Жан тоже не очень-то баловал меня письмами. О его делах я узнавала из писем Шарля, длинных и обстоятельных. И дела эти, я подозревала, шли совсем не блестяще. Кроме арифметики и географии, Жан не успевал ни по какому предмету. Было похоже, что он завалит экзамены. В конце концов, после сретенья я спешно выехала в Ренн, чтобы как следует отчитать сына. Тем более что и директор коллежа уже не раз вызывал меня туда.
Но случилось так, что говорить с Жаном мне пришлось вовсе не об учебе.
– Он болен, сударыня, – сказал мне воспитатель, дежуривший в коридоре.
– Болен?
– Нет причин для волнения. Это всего лишь простуда. В противном случае мы немедленно послали бы за вами.
– Да где же он? Где Жан? – встревоженно спросила я.
– В лазарете. Я провожу вас.
Он провел меня в самый конец левого флигеля и распахнул дверь одной из комнат. Здесь был полумрак. По углам стояли две кровати, одна из них была пуста, на другой кто-то лежал. Вся обстановка показалась мне слишком хмурой и холодной для больных. Даже огонь в камине пылал недостаточно жарко. Я быстро подошла к кровати, присела на ее краешек, осторожно отвернула одеяло, которое Жан натянул на самую голову. Он весь вскинулся.
– Ма, ты здесь?
– Да, я здесь, я приехала повидать тебя, дорогой. И совсем не думала, что ты заболеешь.
Я порывисто гладила его волосы, потом наклонилась, губами коснулась лба сына. У него был жар. Не слишком большой, правда, но я забеспокоилась.
– Жан, что с тобой? Что говорит доктор?
– У меня болит горло. И доктор говорит то же самое.
– Ты можешь рассказать, как это случилось? Ты промочил ноги?
Он поморщился, потом трудно глотнул, словно превозмогая что-то. Мне с каждой минутой становилось все тревожнее.
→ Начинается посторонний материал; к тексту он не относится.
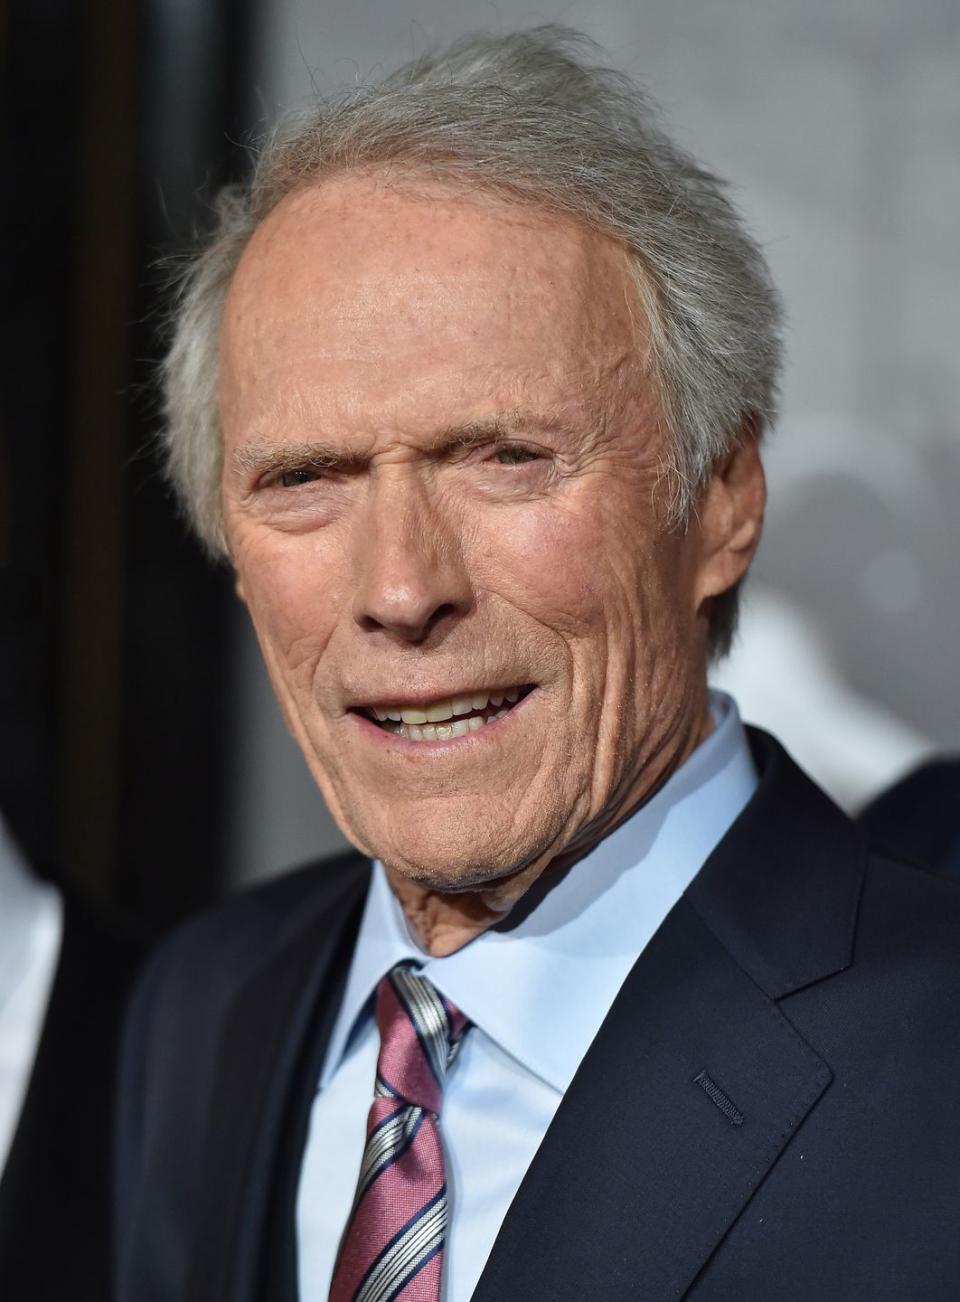 Clint Eastwood at 87
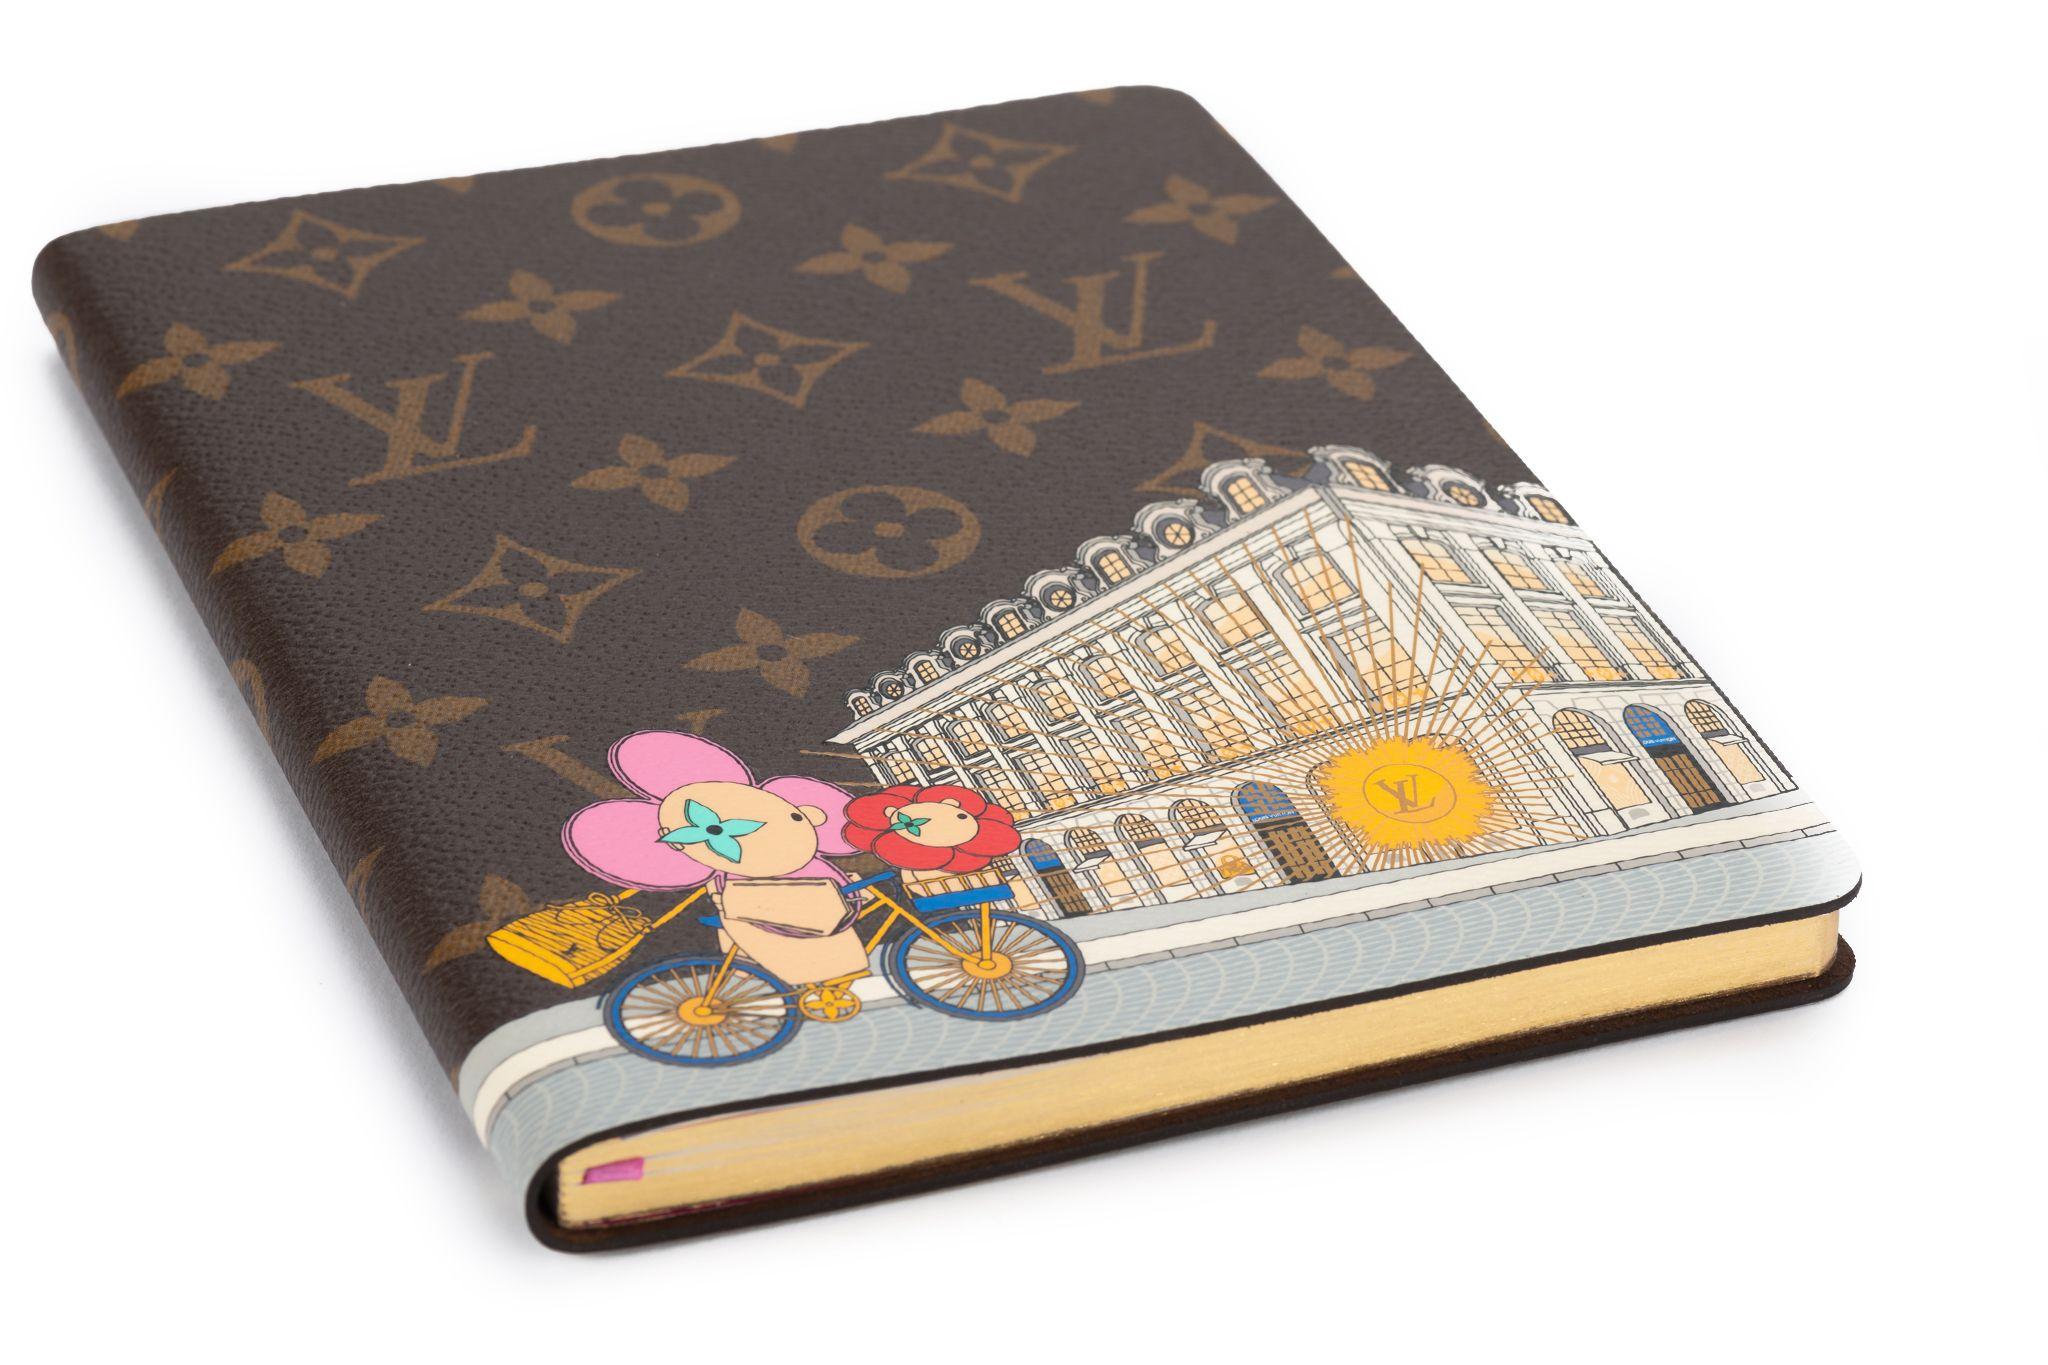 Louis Vuitton Notebook belongs to the Vivienne Holidays 2022 collection. It's brand new and comes with the original dustcover and box.

Жан был бледен, как полотно, черты лица невероятно заострились, губы пересохли. А главное – эти пылающие блестящие глаза. Они больше всего наводили на мысль, что ребенка нужно лечить.
– Во вторник мы с Марком ходили сюда, в лазарет, проведать Эжена. Я тогда был здоров. Знаешь, ма, мне кажется, я от Эжена заразился.
– Чем тебя лечат? Тебе дают какие-то лекарства?
– Ментоловые пилюли и бертолетову соль.
Мгновение я сидела молча, не зная, на что решиться. Лазарет мне не нравился. Нельзя надеяться, что чужие люди будут ухаживать за моим сыном так, как сделала бы это я. Ему здесь скучно и холодно, вообще нерадостно. Ему нужна теплая постель, внимание и любовь окружающих.
Я торопливо поцеловала мальчика:
– Подожди одну минуту, Жанно. Я сейчас вернусь.
Выйдя в коридор, я разыскала воспитателя, который провожал меня сюда, и сказала ему о догадках Жана насчет своей болезни. Воспитатель, поразмыслив, ответил, что эти догадки, возможно, обоснованны.